Backtrace for this error:
#0 0x824e20339 in ???
#1 0x824e1f465 in ???
#2 0x8220e746f in ???
#3 0x8220e6a3a in ???
#4 0x82157f2d2 in ???
#5 0x82f6f24ea in _Unwind_ForcedUnwind
at /usr/ports/lang/gcc13/work/gcc-13.3.0/libgcc/unwind.inc:215
#6 0x8220de21b in ???
#7 0x8220de191 in ???
#8 0x8220de03a in ???
#9 0x8220ddb29 in ???
#10 0xffffffffffffffff in ???
./sblat2 < ./sblat2.dat fails with OMP_NUM_THREADS=2 (or any non-1 value), but passes with OMP_NUM_THREADS=1.
The processor has AVX, but no AVX2 and above:
CPU: Intel(R) Core(TM) i5-2410M CPU @ 2.30GHz (2294.90-MHz K8-class CPU)
Origin="GenuineIntel" Id=0x206a7 Family=0x6 Model=0x2a Stepping=7
Features=0xbfebfbff<FPU,VME,DE,PSE,TSC,MSR,PAE,MCE,CX8,APIC,SEP,MTRR,PGE,MCA,CMOV,PAT,PSE36,CLFLUSH,DTS,ACPI,MMX,FXSR,SSE,SSE2,SS,HTT,TM,PBE>
Features2=0x1dbae3bf<SSE3,PCLMULQDQ,DTES64,MON,DS_CPL,VMX,EST,TM2,SSSE3,CX16,xTPR,PDCM,PCID,SSE4.1,SSE4.2,x2APIC,POPCNT,TSCDLT,XSAVE,OSXSAVE,AVX>
AMD Features=0x28100800<SYSCALL,NX,RDTSCP,LM>
AMD Features2=0x1<LAHF>
XSAVE Features=0x1<XSAVEOPT>
VT-x: PAT,HLT,MTF,PAUSE,EPT,UG,VPID
TSC: P-state invariant, performance statistics
The compiler is gcc13, the Makefile.rules options are:
NO_AVX2=1
NO_AVX512=1
USE_OPENMP=1
BINARY=64
However, it checked to fail regardless of whether any of USE_OPENMP, INTERFACE64 or NO_AVX set or not.

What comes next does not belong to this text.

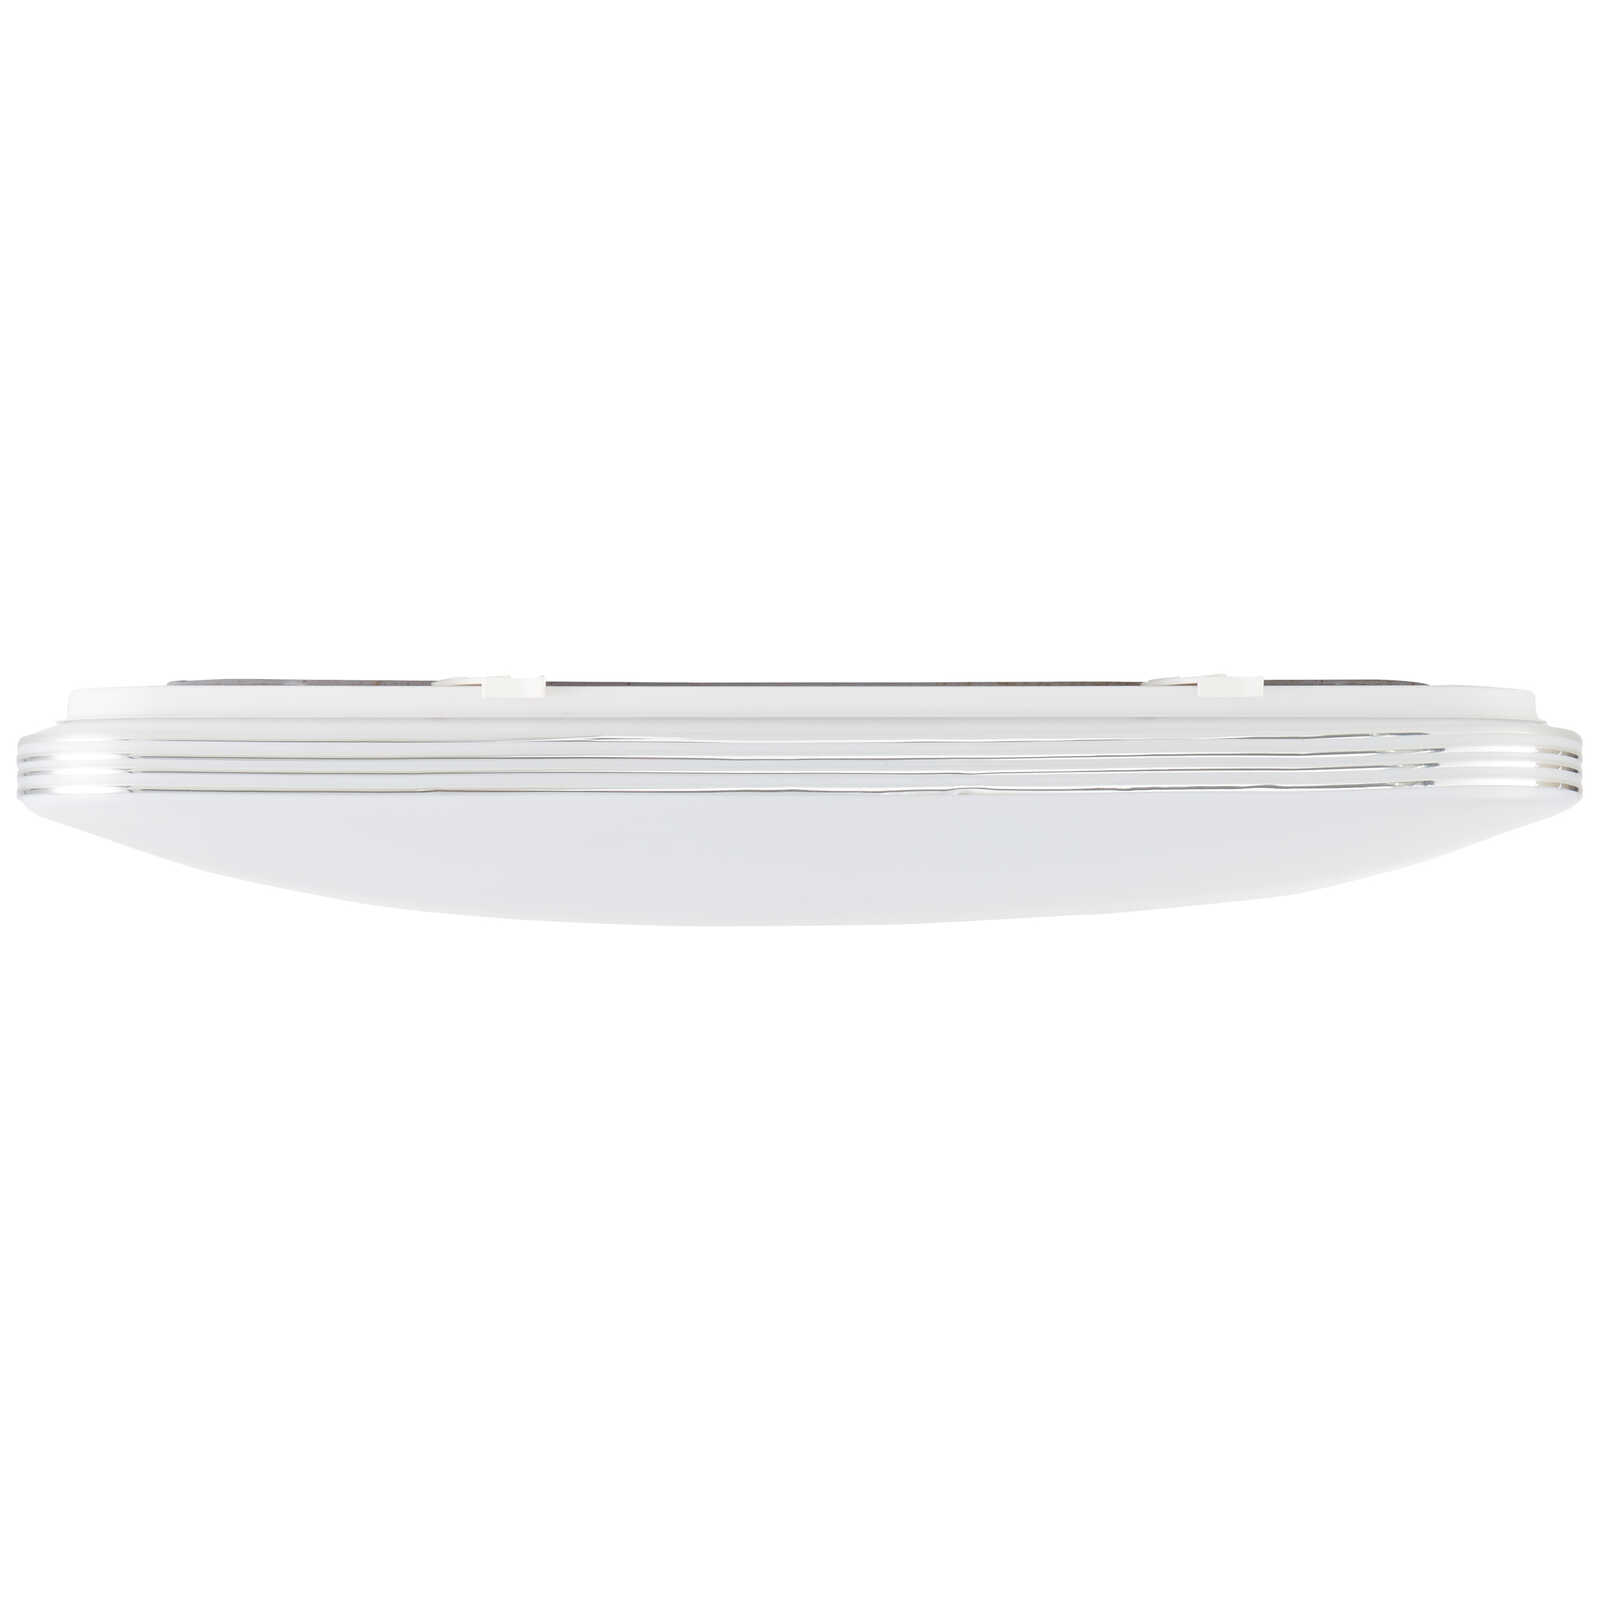             Plastic wall and ceiling light - Amelie - silver, white

It also fails the same regardless of -O level, and the failure happens in both 0.3.29 release and the HEAD at 1533fe49bef51ff49e4358a2687f1e475801f9fd, while all builds fine in older 0.3.27
Not reproducible with gcc14 and TARGET=SANDYBRIDGE on Zen5 hardware, also not reproducible with gcc4 or gcc9 on actual Sandy Bridge hardware under Linux. I still need to build gcc-14 on that old system however.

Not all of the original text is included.